Are these patterns consistent with what you would expect?

Next, let’s look at how specific ranges of \(R_0\) cluster in parameter space. We’ll take the following quantiles of our \(R_0\) sample:

R0quantiles = quantile(R0sample, probs=c(0.25,0.5,0.75,0.9), na.rm=TRUE)

# colors for plotting
pcolors = c("#555555","#777777","#AAAAAA","#EEEEEE")

One way to look at this is to plot color-coded histograms:

# Generate the basic histogram for each parameter, over all samples
betaR0plot = ggplot(as.data.frame(paramsample), aes(paramsample[,1])) + 
    geom_histogram(fill="#333333") + 
    labs(x="beta")

gammaR0plot = ggplot(as.data.frame(paramsample), aes(paramsample[,2])) + 
    geom_histogram(fill="#222222") + 
    labs(x="gamma")

kR0plot = ggplot(as.data.frame(paramsample), aes(paramsample[,3])) + 
    geom_histogram(fill="#222222") + 
    labs(x="kappainv")

# Loop over each quantile and add it to the plot
for(i in 1:4){
  pR0temp = paramsample[which(R0sample >= R0quantiles[i]),] #pull just that quantile
  
  # add it to the plots
  betaR0plot = betaR0plot + geom_histogram(data = as.data.frame(pR0temp),aes(V1),fill = pcolors[i])
  gammaR0plot = gammaR0plot + geom_histogram(data = as.data.frame(pR0temp),aes(V2),fill = pcolors[i])
  kR0plot = kR0plot + geom_histogram(data = as.data.frame(pR0temp),aes(V3),fill = pcolors[i])
}

# print the plot
grid.arrange(betaR0plot, gammaR0plot, kR0plot, ncol=3)

Examining the negative log likelihood

We might also want to look at how the model behavior changes over parameter space, and one way to look at that is by evaluating the goodness of fit for different trajectories.

First, let’s look at a histogram of the goodness of fit:

hist(nllsample)

We can also plot the model behavior as a function of the goodness of fit:

# quantiles of the -LL that we'll look at (best 25%, 10%, 5%, 1%)
quantiles = quantile(nllsample, probs=c(0.25,0.1,0.05,0.01), na.rm=TRUE)

ycolors = c("#88888826","#66666626","#55555526","#44444477")

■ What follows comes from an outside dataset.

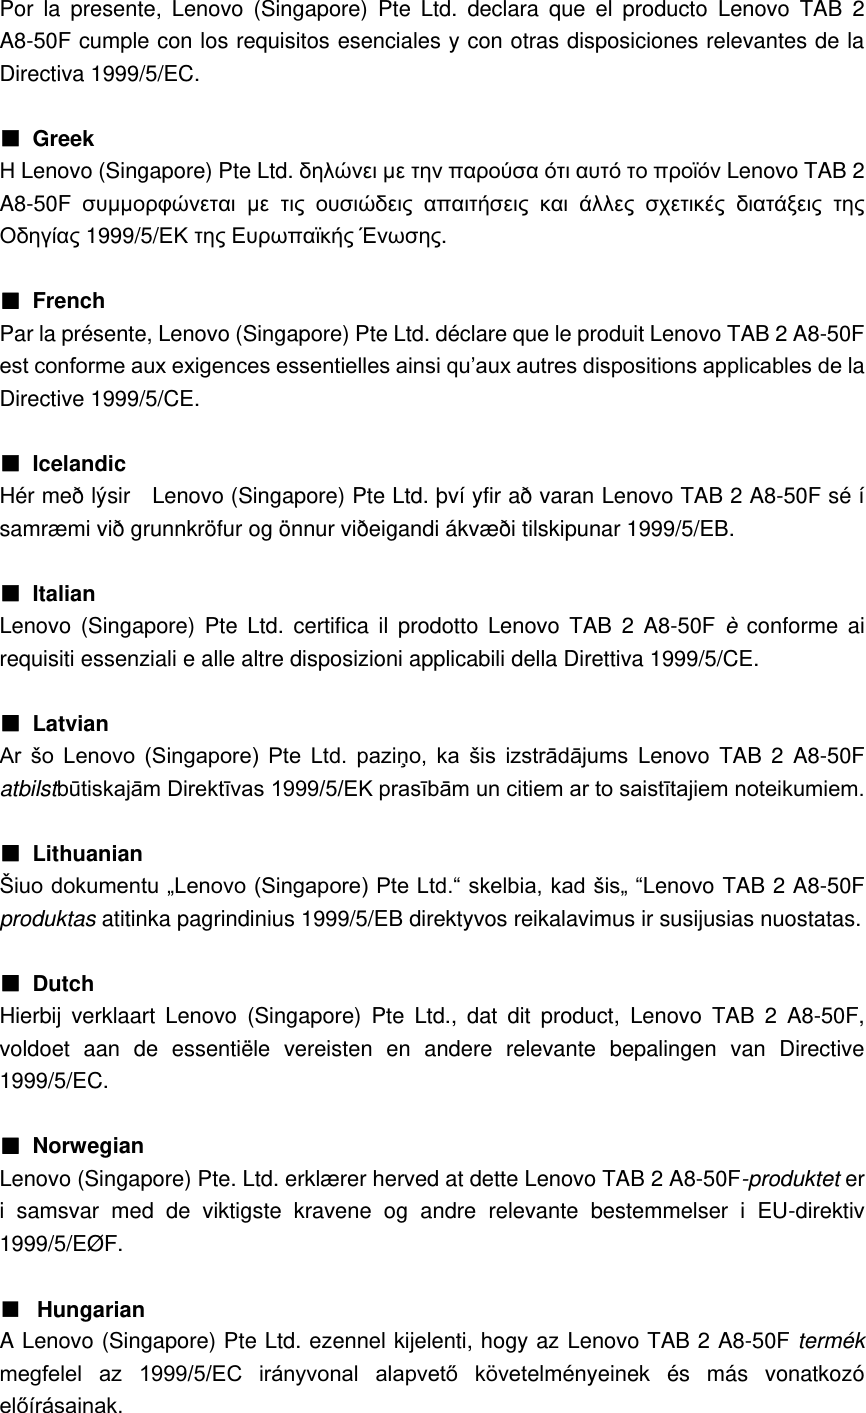 Por  la  presente,  Lenovo  (Singapore)  Pte  Ltd.  declara  que  el  producto  Lenovo  TAB  2 A8-50F cumple con los requisitos esenciales y con otras disposiciones relevantes de la Directiva 1999/5/EC.  ■ Greek Η Lenovo (Singapore) Pte Ltd. δηλώνει με την παρούσα ότι αυτό το προϊόν Lenovo TAB 2 A8-50F συμμορφώνεται με τις ουσιώδεις απαιτήσεις και άλλες σχετικές διατάξεις της Οδηγίας 1999/5/ΕΚ της Ευρωπαϊκής Ένωσης.  ■  French Par la présente, Lenovo (Singapore) Pte Ltd. déclare que le produit Lenovo TAB 2 A8-50F est conforme aux exigences essentielles ainsi qu’aux autres dispositions applicables de la Directive 1999/5/CE.  ■  Icelandic Hér með lýsir    Lenovo (Singapore) Pte Ltd. því yfir að varan Lenovo TAB 2 A8-50F sé í samræmi við grunnkröfur og önnur viðeigandi ákvæði tilskipunar 1999/5/EB.  ■  Italian Lenovo  (Singapore) Pte  Ltd. certifica  il  prodotto  Lenovo  TAB  2 A8-50F è  conforme  ai requisiti essenziali e alle altre disposizioni applicabili della Direttiva 1999/5/CE.  ■  Latvian Ar  šo  Lenovo  (Singapore)  Pte  Ltd.  paziņo,  ka  šis  izstrādājums  Lenovo  TAB 2  A8-50F atbilstbūtiskajām Direktīvas 1999/5/EK prasībām un citiem ar to saistītajiem noteikumiem.  ■  Lithuanian Šiuo dokumentu „Lenovo (Singapore) Pte Ltd.“ skelbia, kad šis„ “Lenovo TAB 2 A8-50F produktas atitinka pagrindinius 1999/5/EB direktyvos reikalavimus ir susijusias nuostatas.  ■  Dutch Hierbij  verklaart  Lenovo  (Singapore)  Pte  Ltd.,  dat  dit  product,  Lenovo  TAB  2  A8-50F, voldoet  aan  de  essentiële  vereisten  en  andere  relevante  bepalingen  van  Directive 1999/5/EC.  ■  Norwegian Lenovo (Singapore) Pte. Ltd. erklærer herved at dette Lenovo TAB 2 A8-50F-produktet er i  samsvar  med  de  viktigste  kravene  og  andre  relevante  bestemmelser  i  EU-direktiv 1999/5/EØF.  ■ Hungarian A Lenovo (Singapore) Pte Ltd. ezennel kijelenti, hogy az Lenovo TAB 2 A8-50F termék megfelel  az  1999/5/EC  irányvonal  alapvető  követelményeinek  és  más  vonatkozó előírásainak.

yplot = ggplot(cbind.data.frame(times,data),aes(x=times,y=data))

for(i in 1:4){
  ytemp = ysample[,which(nllsample <= quantiles[i])]
  tempdata = cbind.data.frame('ytemp.min' = apply(ytemp, 1, min), 'ytemp.max' = apply(ytemp, 1, max))
  
  yplot = yplot + geom_ribbon(data = tempdata, aes(min=ytemp.min, max=ytemp.max), fill = ycolors[i])
}

yplot = yplot + geom_point(color = rgb(0,0,0)) + labs(x="time (days)", y="cases")
print(yplot)

Lastly, adapt the code from the \(R_0\) section to instead plot how the negative log likelihood varies as a function of the parameters (i.e. regenerate the colored scatterplot and 3-panel histogram but using the \(-LL\) as the quantity of interest).